The Palace of Fine and Decorative Arts, also known as Building 3, on Treasure Island in San Francisco Bay, California, was an aircraft hangar constructed in 1938 for Pan American World Airways' trans-Pacific Clipper services, and then modified for the 1939-40 Golden Gate International Exposition. Building 3 was one of a pair of identical hangars built to house Pan American's flying boats at the south end of the island. Building 1 was to be the airline's terminal building, and Buildings 2 and 3 would house the aircraft. For the exposition, these buildings were converted to exhibition halls, surrounded by a complex of temporary structures. At the end of the exposition all structures but Buildings 1, 2 and 3 were to be torn down to make way for the development of the reclaimed land as an airport for San Francisco.

==Original structure==
Buildings 1, 2 and 3 were designed by San Francisco architects George W. Kelham and William Peyton Day. They were designed in the Art Moderne style considered appropriate for an aviation terminal. Initial construction of the buildings as airplane hangars was complete by July 1938. Building 3 was a reinforced concrete structure about 335 ft long and 225 ft wide, and 80 ft tall on a concrete pile foundation. The roof is a three-hinge riveted steel arch.

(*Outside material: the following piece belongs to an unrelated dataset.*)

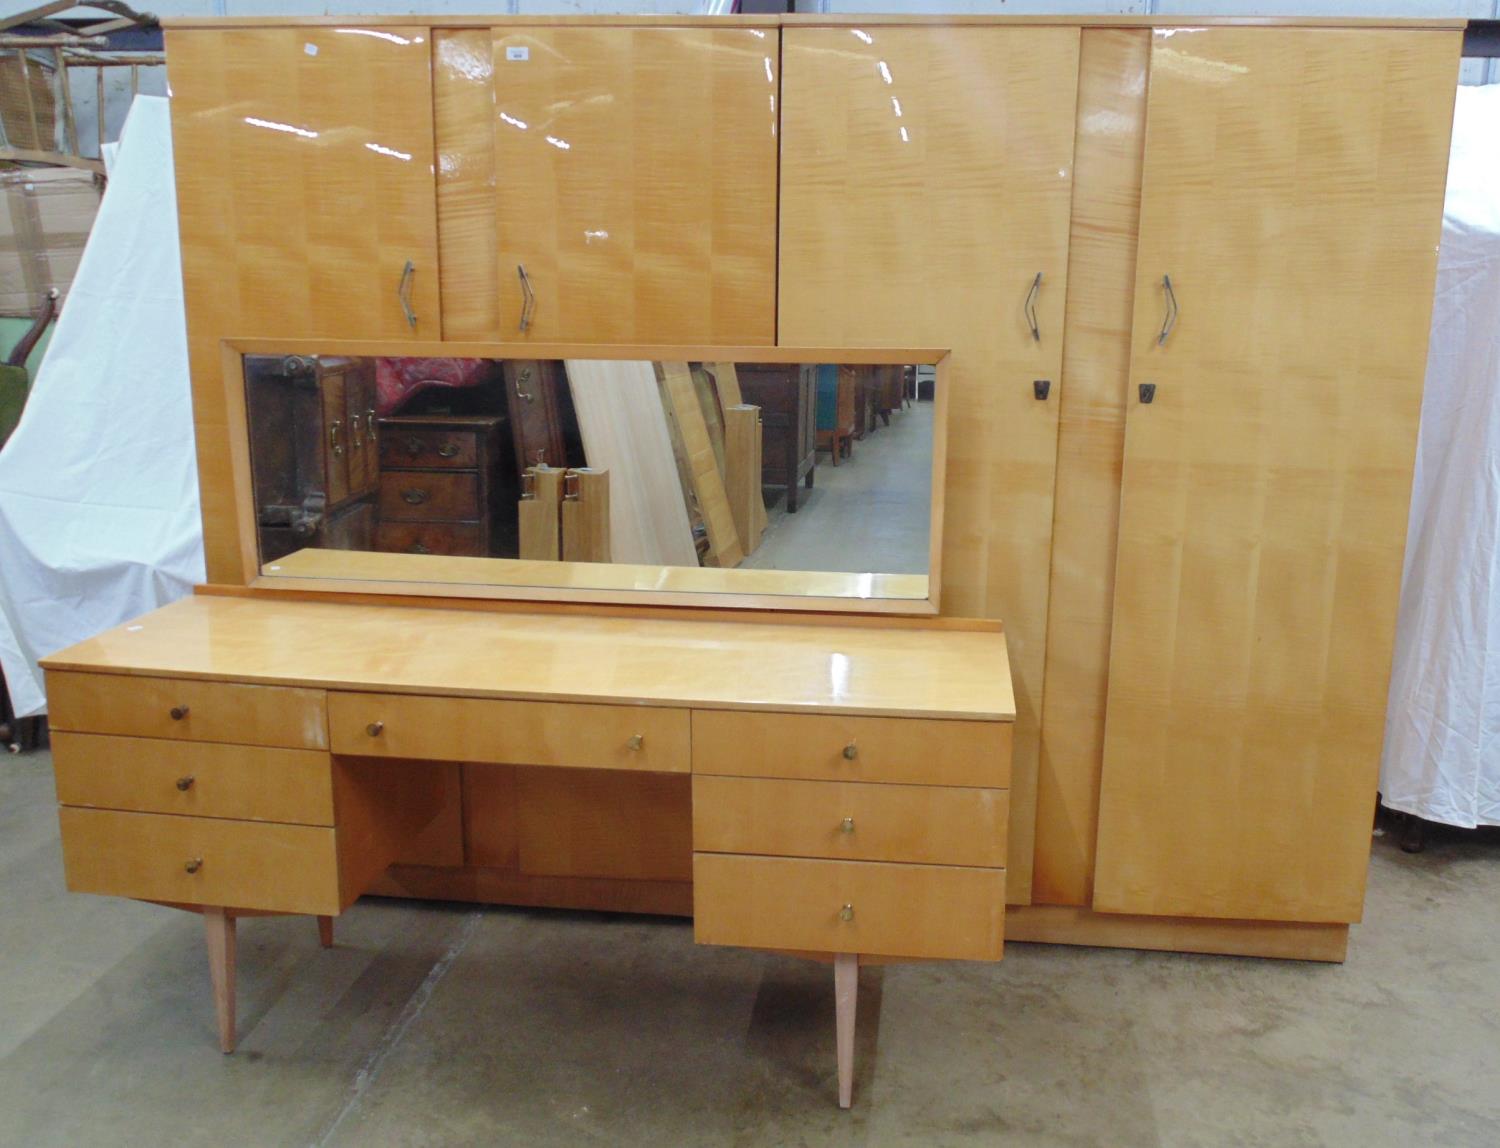 Mid century gloss maple finish three piece bedroom suite to comprise: one double wardrobe with doors

A one-story section, intended to be retained for the hangar, is 40 ft wide the length of the southeast side.

==Exhibition hall==
For use as the Palace of Fine and Decorative Arts a 48600 sqft one-story addition wraps around the other three sides of Building 3. The addition is constructed of reinforced concrete sprayed with stucco. Four concrete towers each almost 68 ft tall are on the corners. A formal entrance faces northwest in a concave indentation with scallops or broad flutes in the surface of the marquee over the door. From the other elevations the structure's heritage as a hangar is visible, with the taller hangar section looming over the additions.

The interior was fitted out for the exposition with curving temporary plaster walls to house a $20 million collection of artwork, designed by Dorothy Wright Liebes and Shepard Vogelsang. The space was extensively subdivided into small galleries.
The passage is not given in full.